In general, Class 2 presents an increase in hours worked, showing that the transference of work to the residential setting may have decreased their productivity. Productivity losses seem higher among individuals living in metropolitan areas compared to regional areas, indicating that non-city residents were less affected by the pandemic, as also observed by Chauhan et al. (2021).
For Class 1, reductions in time spent in the workplace were similar for both low and high COVID-19 incidence states (except for self-employed workers, who were more affected in high-incidence locations). For Class 2, on the other hand, there were greater reductions in time spent in the workplace for mild-low incidence places, which may be associated with stricter work-related social distancing measures. However, the proportional increase in hours worked at home is also greater in high-incidence areas, showing either a more significant productivity loss or an increase in workload, especially for self-employed individuals.
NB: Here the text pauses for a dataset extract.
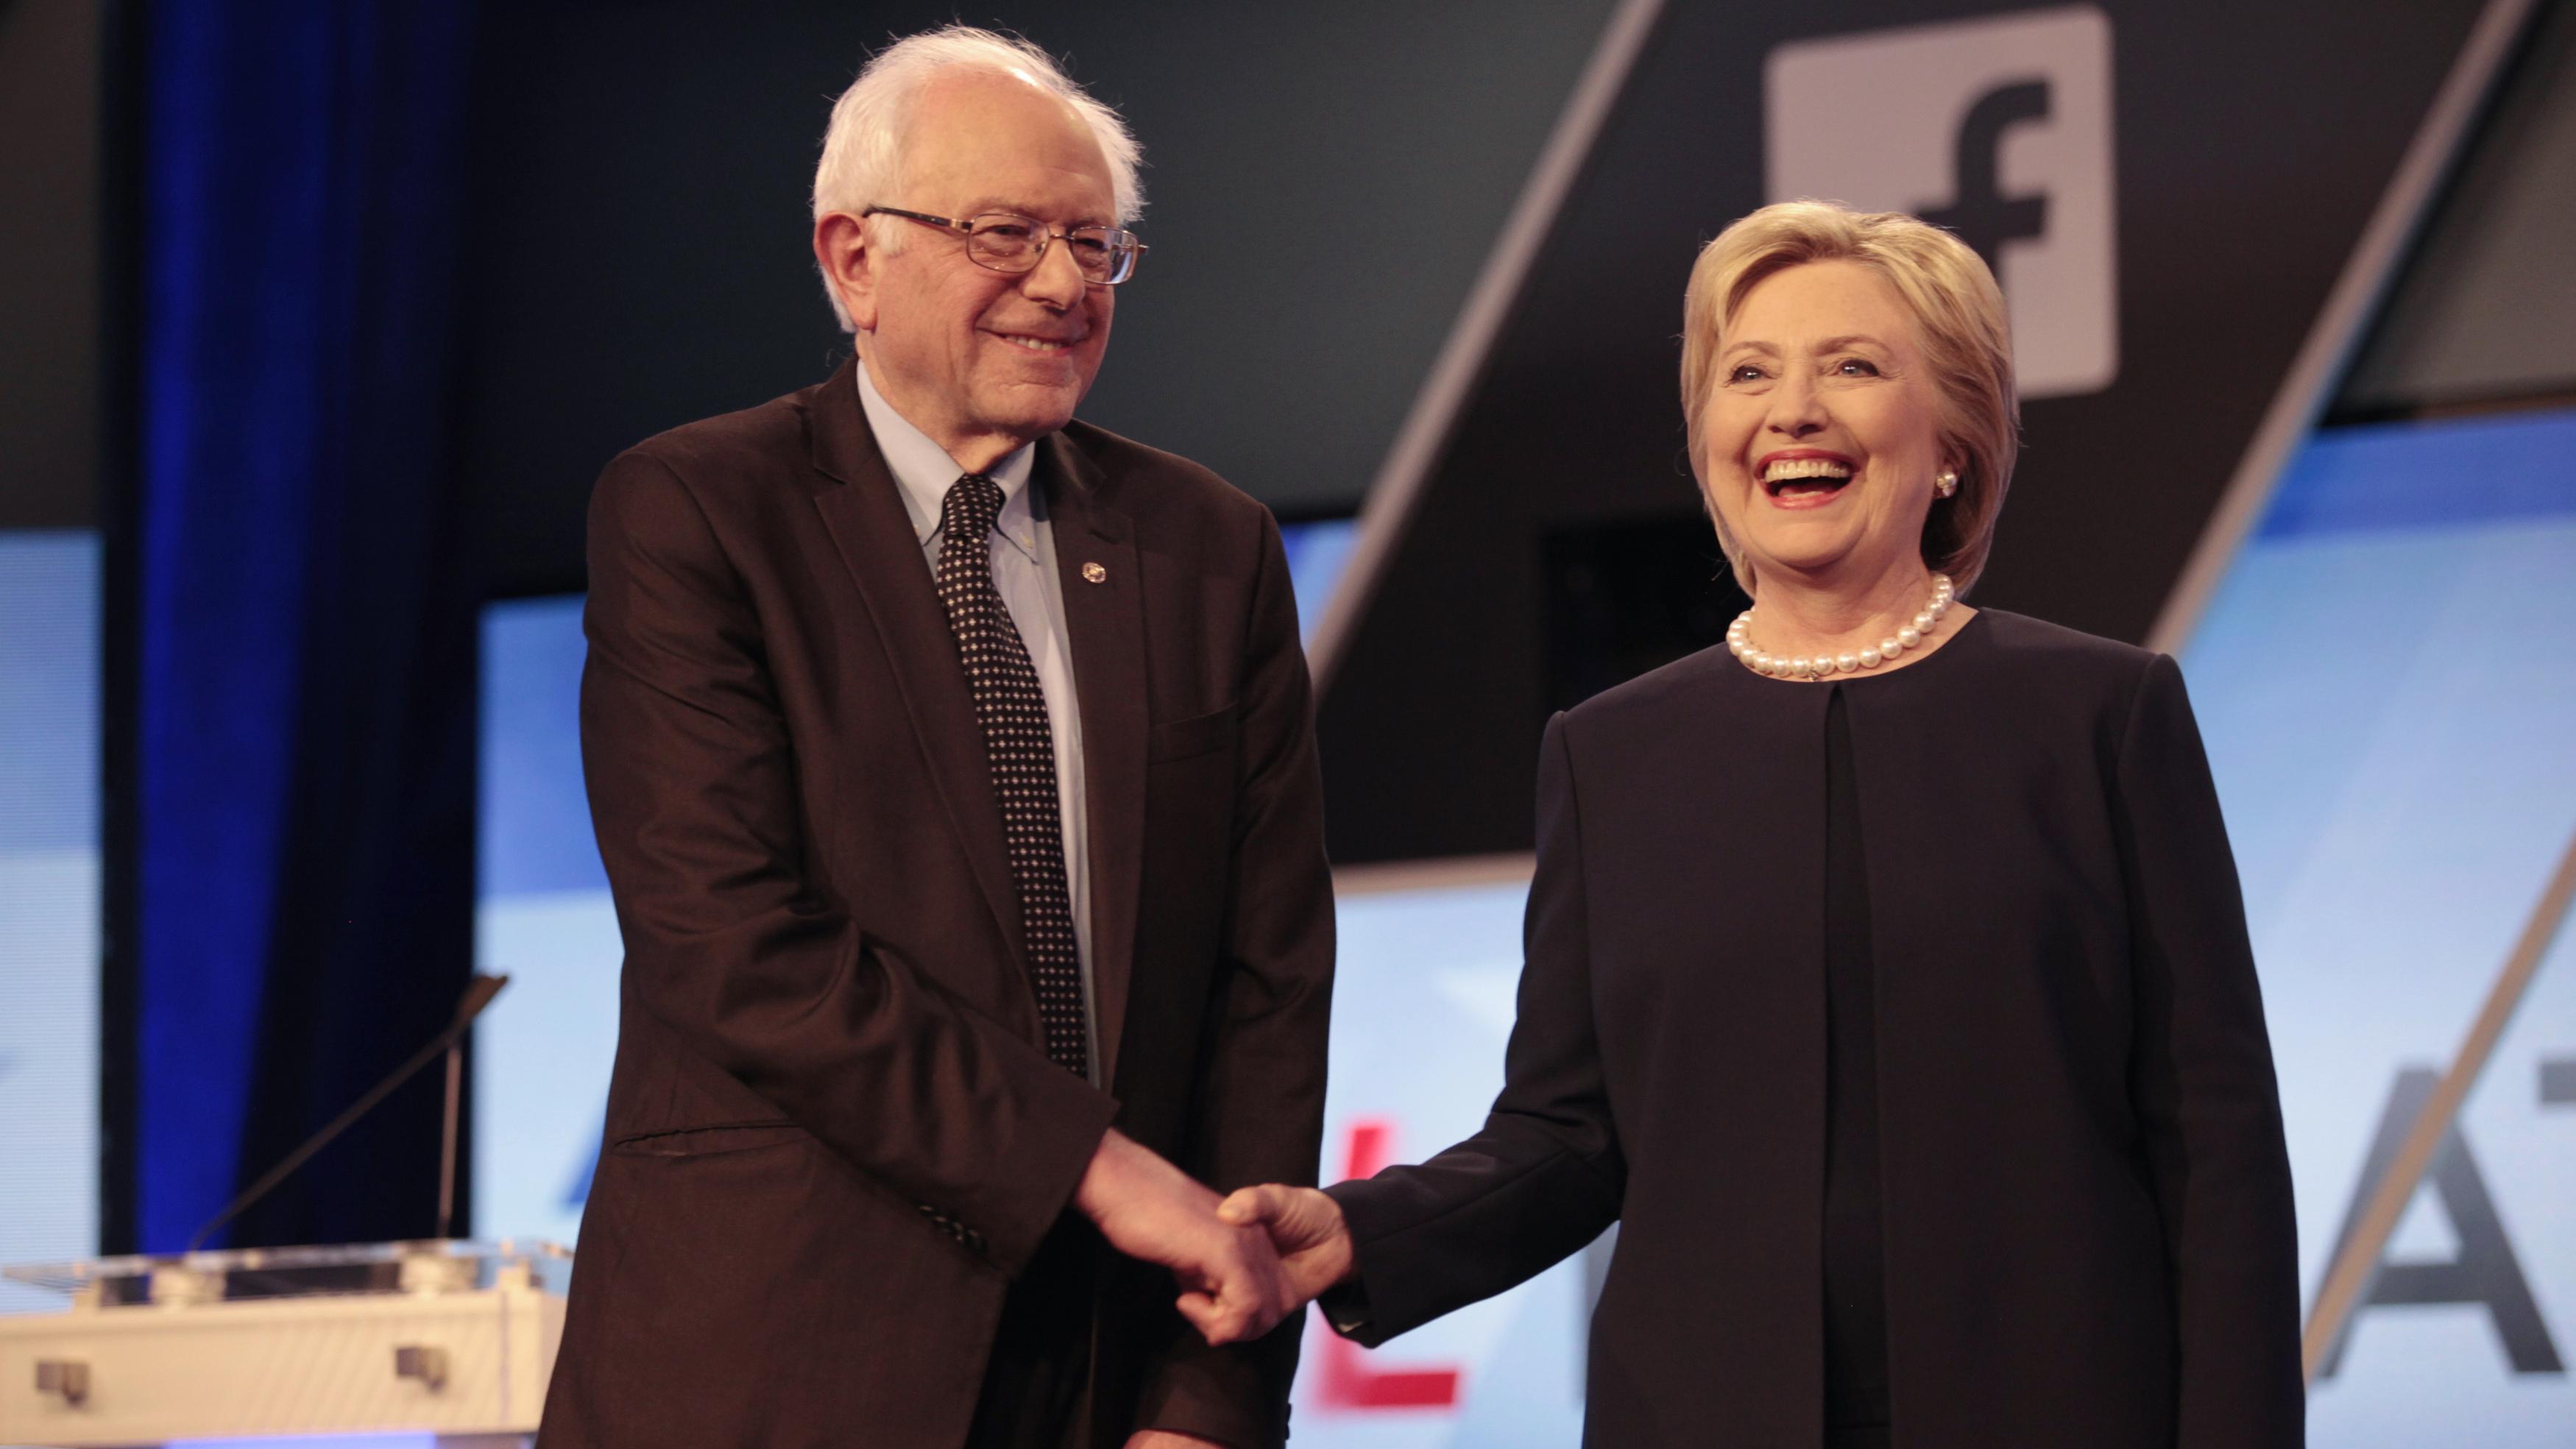 Clinton Sanders edit

In conclusion, our findings suggest the need to consider a combination of assistance measures when formulating policies to support workers during pandemic situations that require social distancing. These measures should take into consideration occupation and socio-demographic characteristics and address both differences in lost work opportunity and productivity changes. For example, policies should consider that middle-aged professional women are more likely to have an increase in hours worked and a decrease in productivity than other groups, and thus, additional support to prevent this decrease in productivity may be required.